GERE’S ACTIVISM CRYSTALLIZED IN SAN FRANCISCO “when the AIDS epidemic was ramping up, and people I knew and
loved were dying.” He volunteered to help with the Names Project, which at the time featured nearly 2,000 quilt panels inscribed
with the names of those who died of AIDS. He went to Washington, D.C., where the quilt was laid out on the National Mall. Gere
helped develop the concept of having celebrities read the names of the dead.

When he first came to UCLA, he thought of putting AIDS activism behind him. After all, there is only so much death one can
handle. But later, learning of India’s HIV epidemic, “I realized that my two worlds were colliding.”

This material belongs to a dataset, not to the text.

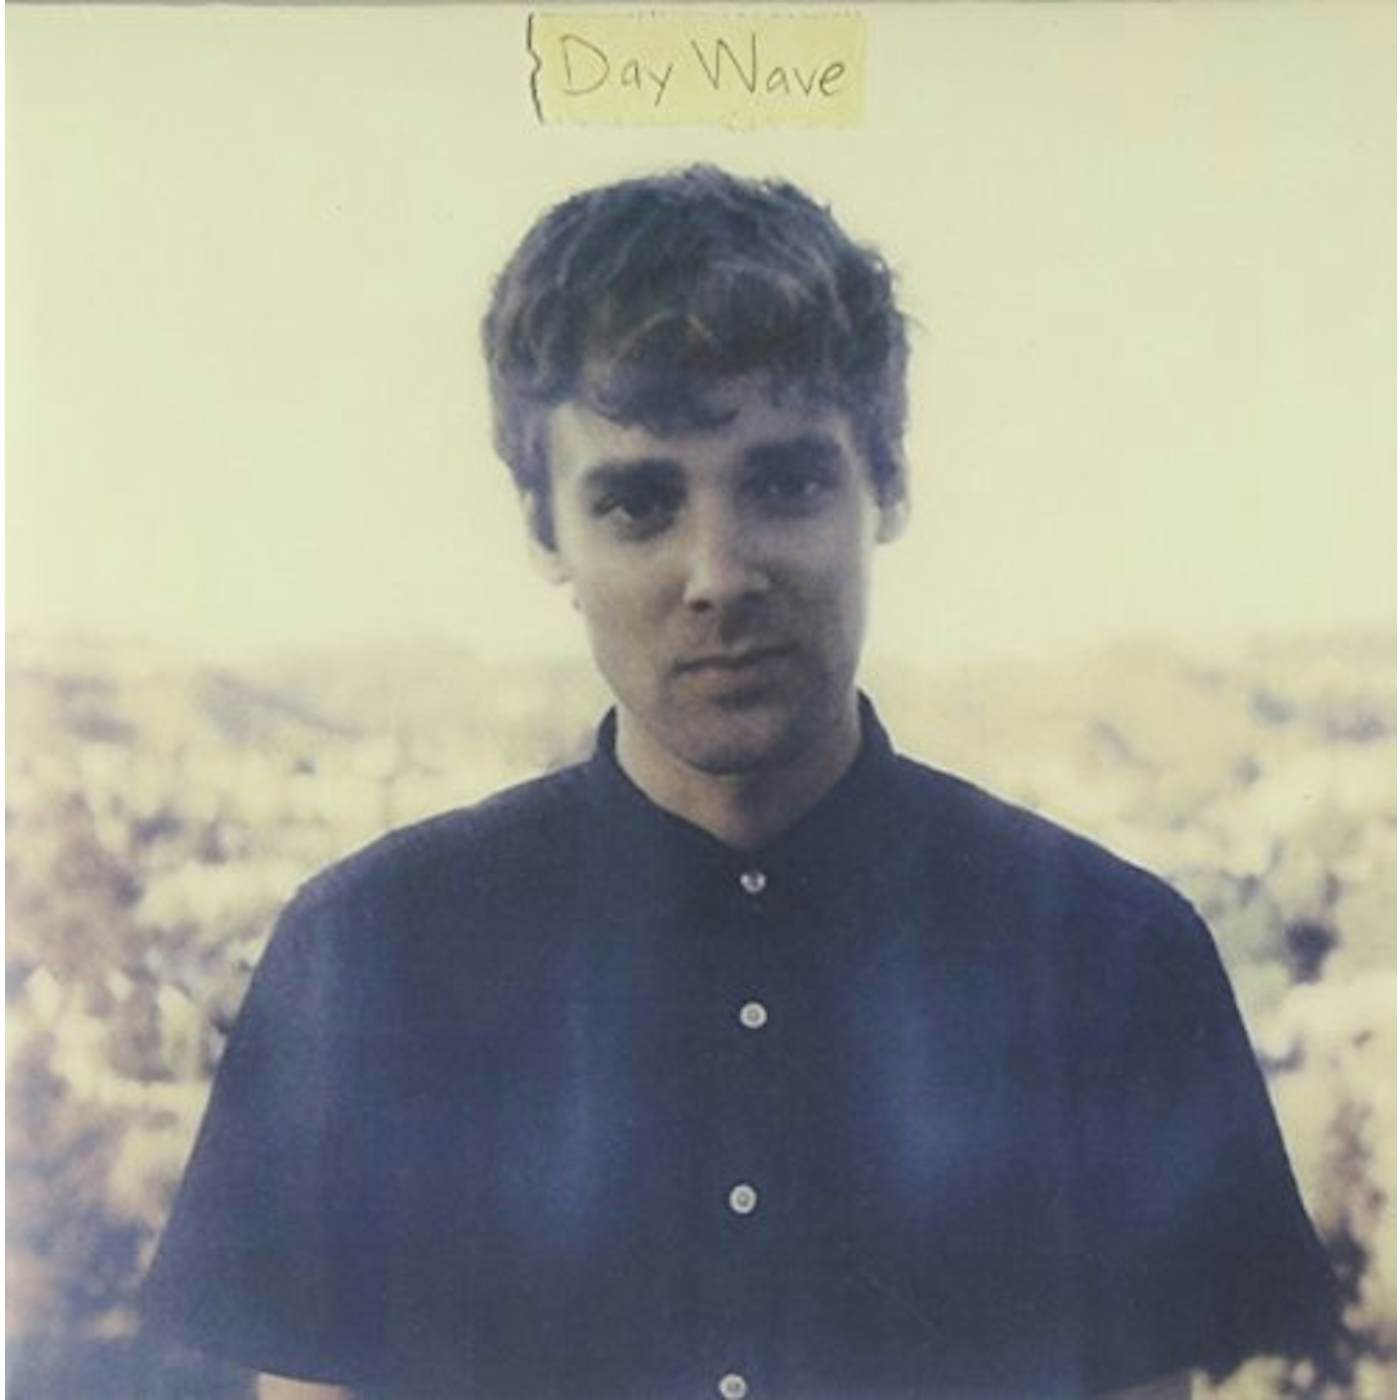 Day Wave COME HOME NOW / YOU ARE WHO YOU ARE Vinyl Record - UK Release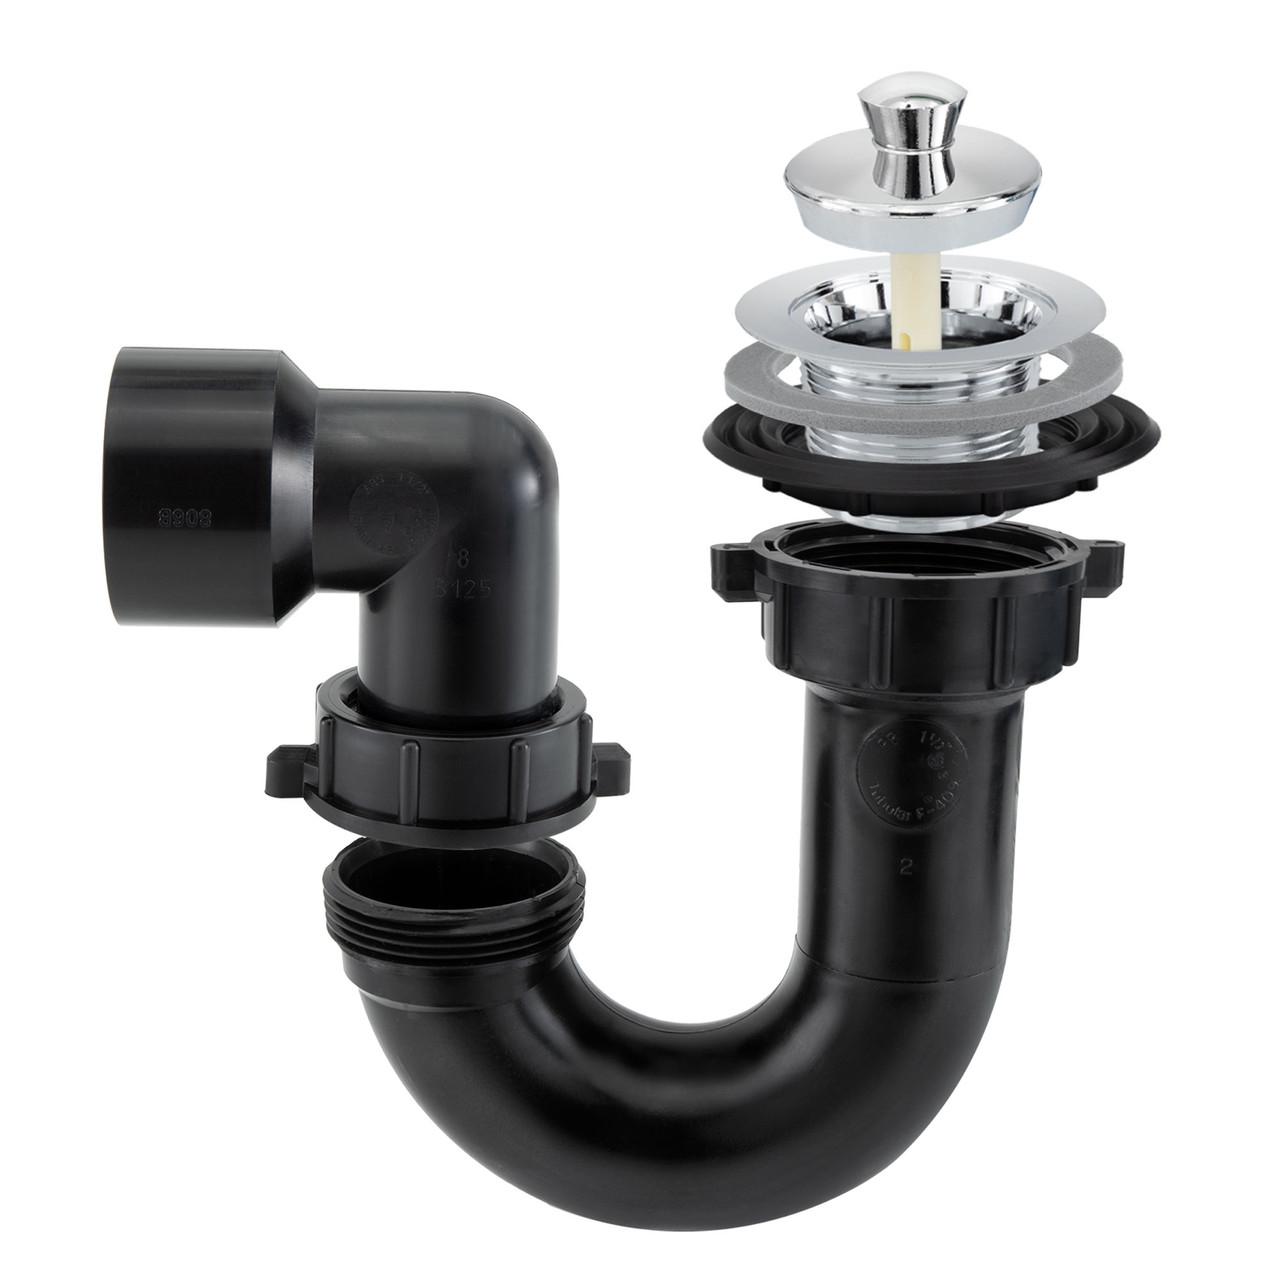 Gutter Extension Pipe Drain Air Conditioner Accessories Sink Outdoor

In the United States, the first storm of anti-AIDS activism came from the artistic community because that was the group most
notably affected and most vocal about the issue. But in India, he says, a different population was affected, starting with sex
workers and heterosexual truck drivers, who then brought the virus home. For a variety of reasons, including government inaction
and because many of those affected are uneducated and in rural areas, he says, prevention and treatment information was not
getting out. Artists, he thought, could help remedy that.“I wondered, ‘Can some of the lessons learned by the artists here be
applied there?’ ”

So he returned to India and created Make Art/Stop AIDS, which he recently brought to UCLA in conjunction with UCLA’s Year
of the Arts and World AIDS Day. UCLA festivities included an old-fashioned teach-in December 1 (World AIDS Day; see
“Spotlight,” page 56) with a diverse international roster of speakers, followed two days later with a daylong version of Make
Art/Stop AIDS, again joining artists, scholars and activists. Funding came from the UC Humanities Research Institute, the
International Institute, the UCLA AIDS Institute and the Ronald W. Burkle Center for International Relations.